6. Interpreting the Output

The output file from a single simulation should look like the one shown below. The column NO2 indicates the NO2 concentration in particles per grid. As our grid spacing is 0.1 latitude (~111 meters) and 0.1 longitude (~111 meters) with a model domain height of 10,000 meters, the NO2 column represents the number of NO2 particles per 123,210,000 cubic meters.

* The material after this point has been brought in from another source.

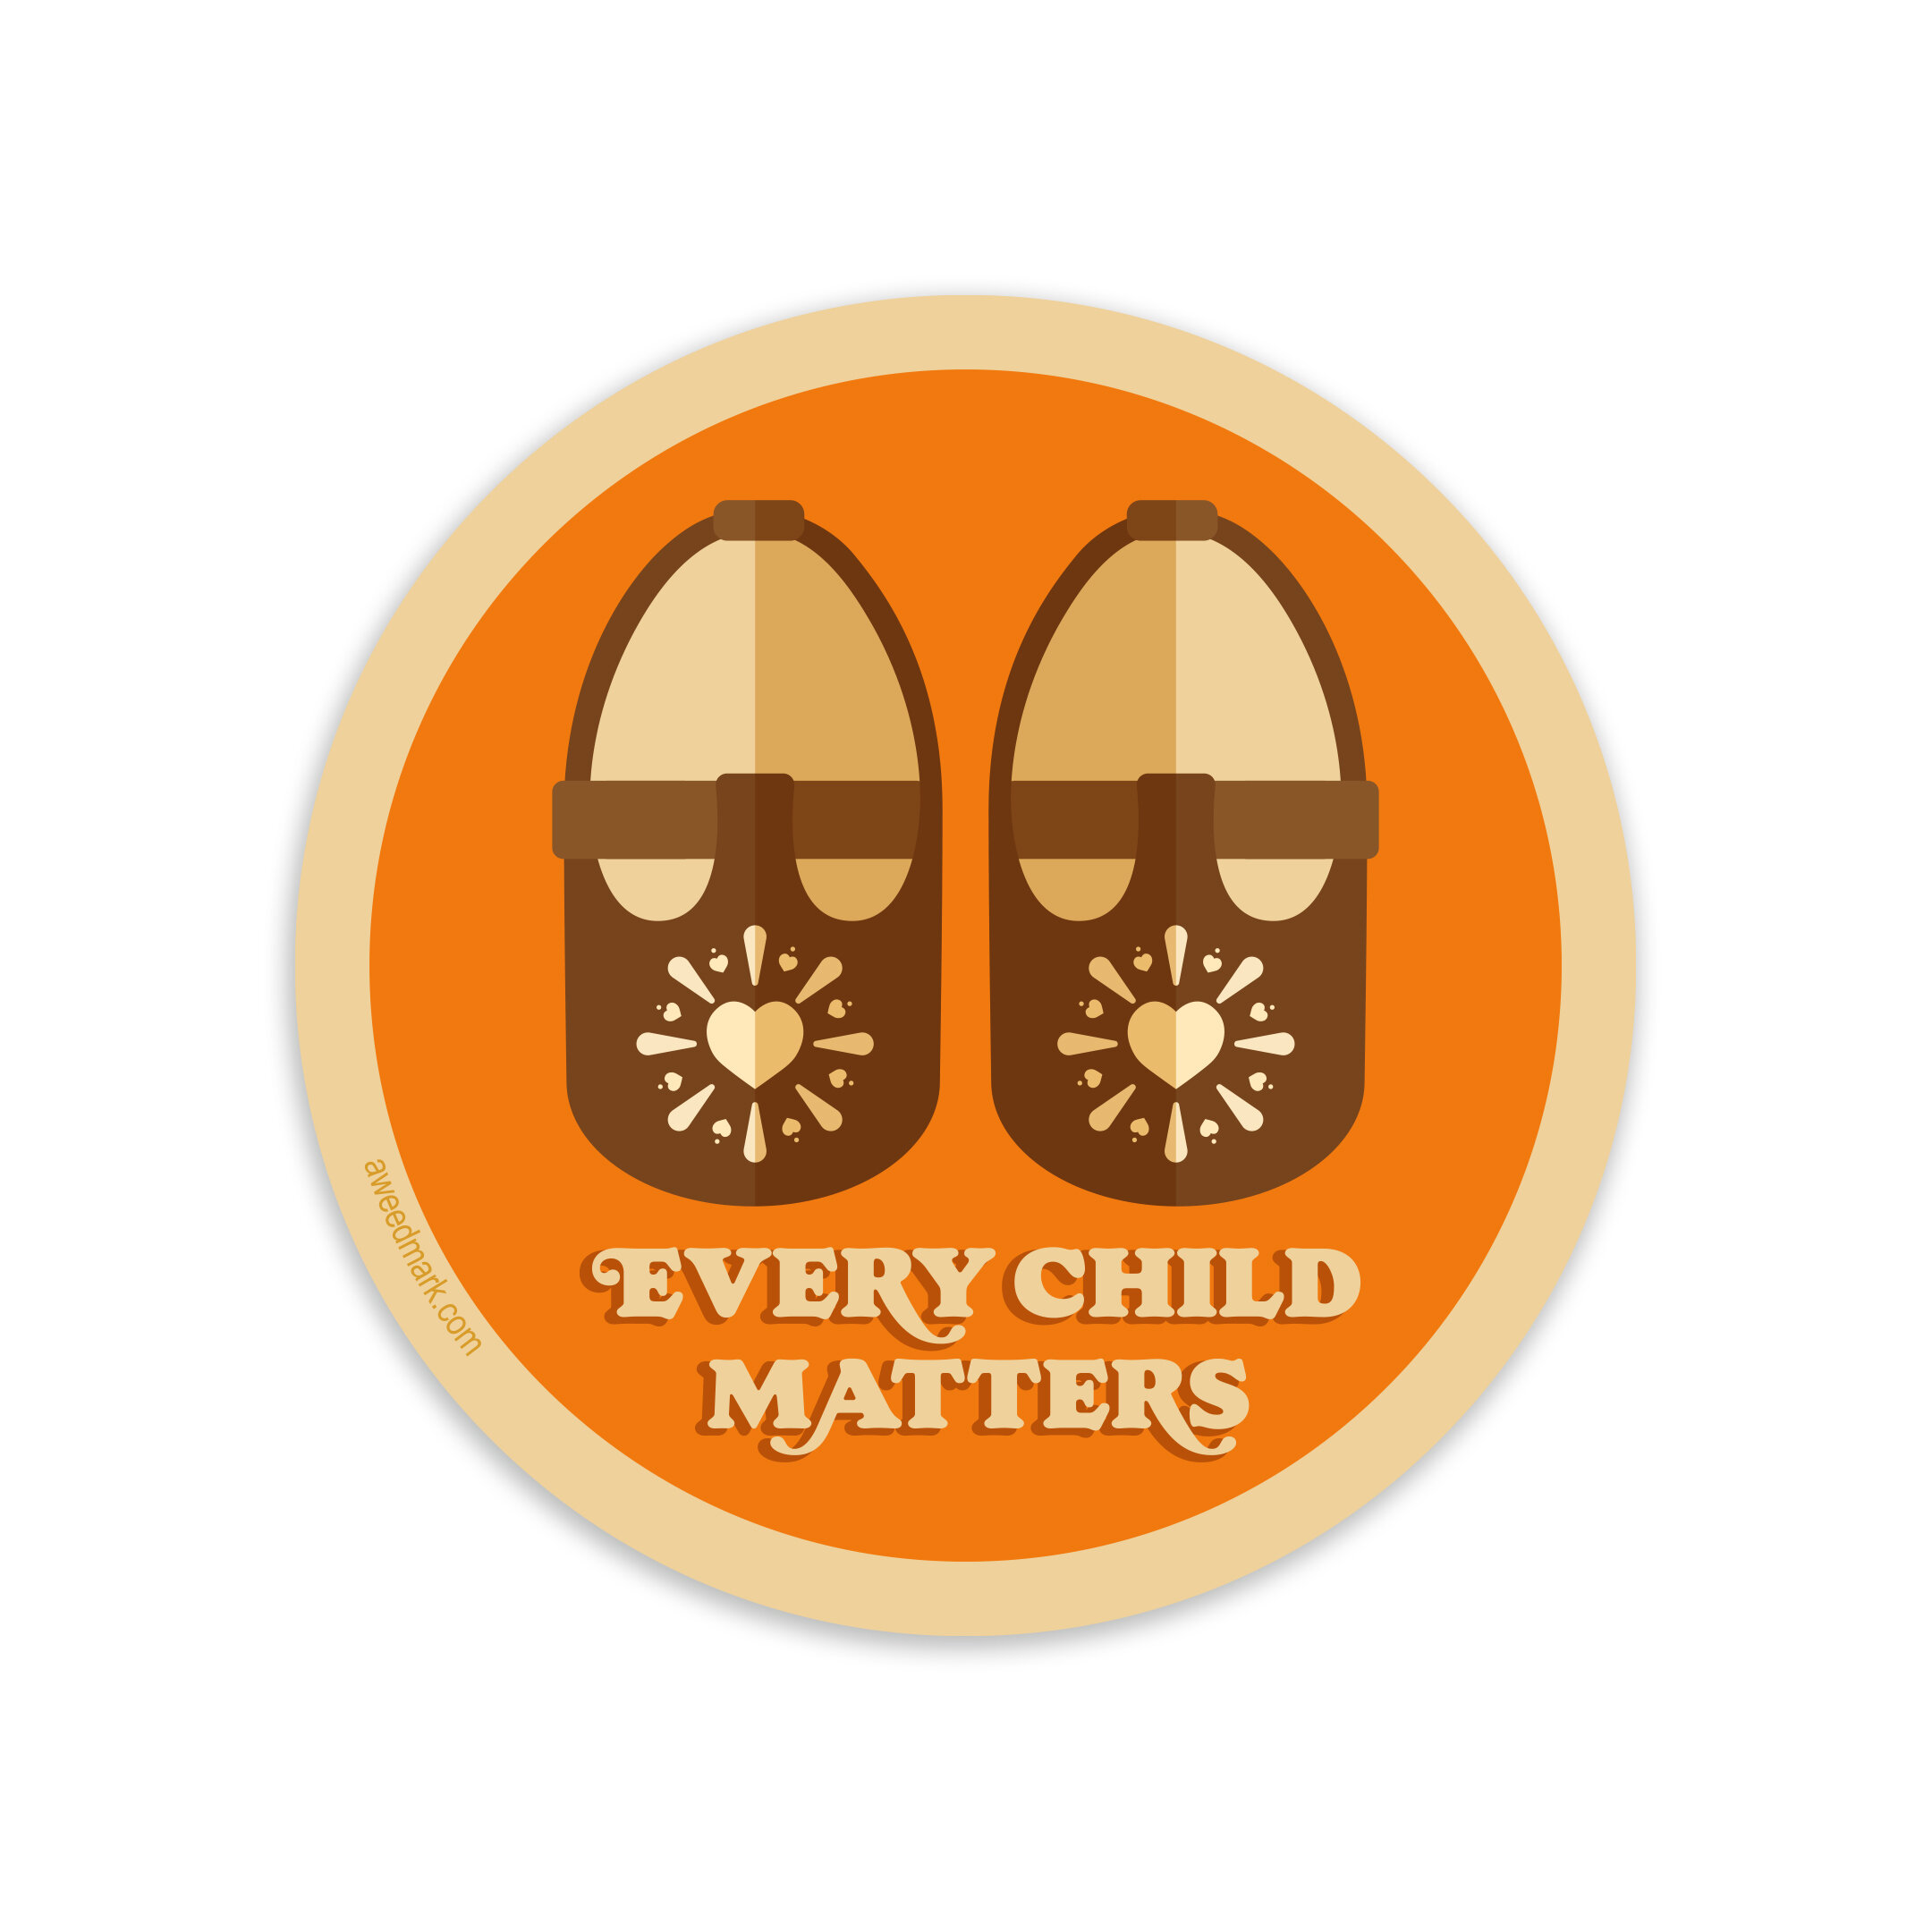 Every child matters v1 Shirt Ship From Canada

X DAY HR LAT LON NO2 X00100 file
1 123 0 39.75 -75.75 0 NA 10030_123_00
2 123 0 39.85 -75.75 0 NA 10030_123_00
3 123 0 39.95 -75.75 0 NA 10030_123_00

7. Calculating Affected Population

In this example, we will calculated the number of affected people based on a single HYSPLIT simulation from the CONTROL file in part 3.

First, we need to find the number of particles per grid after all the particles were released. The total number of particles is easier to work with than concentrations because the number of particles can be added when working with multiple simulations affecting a single area.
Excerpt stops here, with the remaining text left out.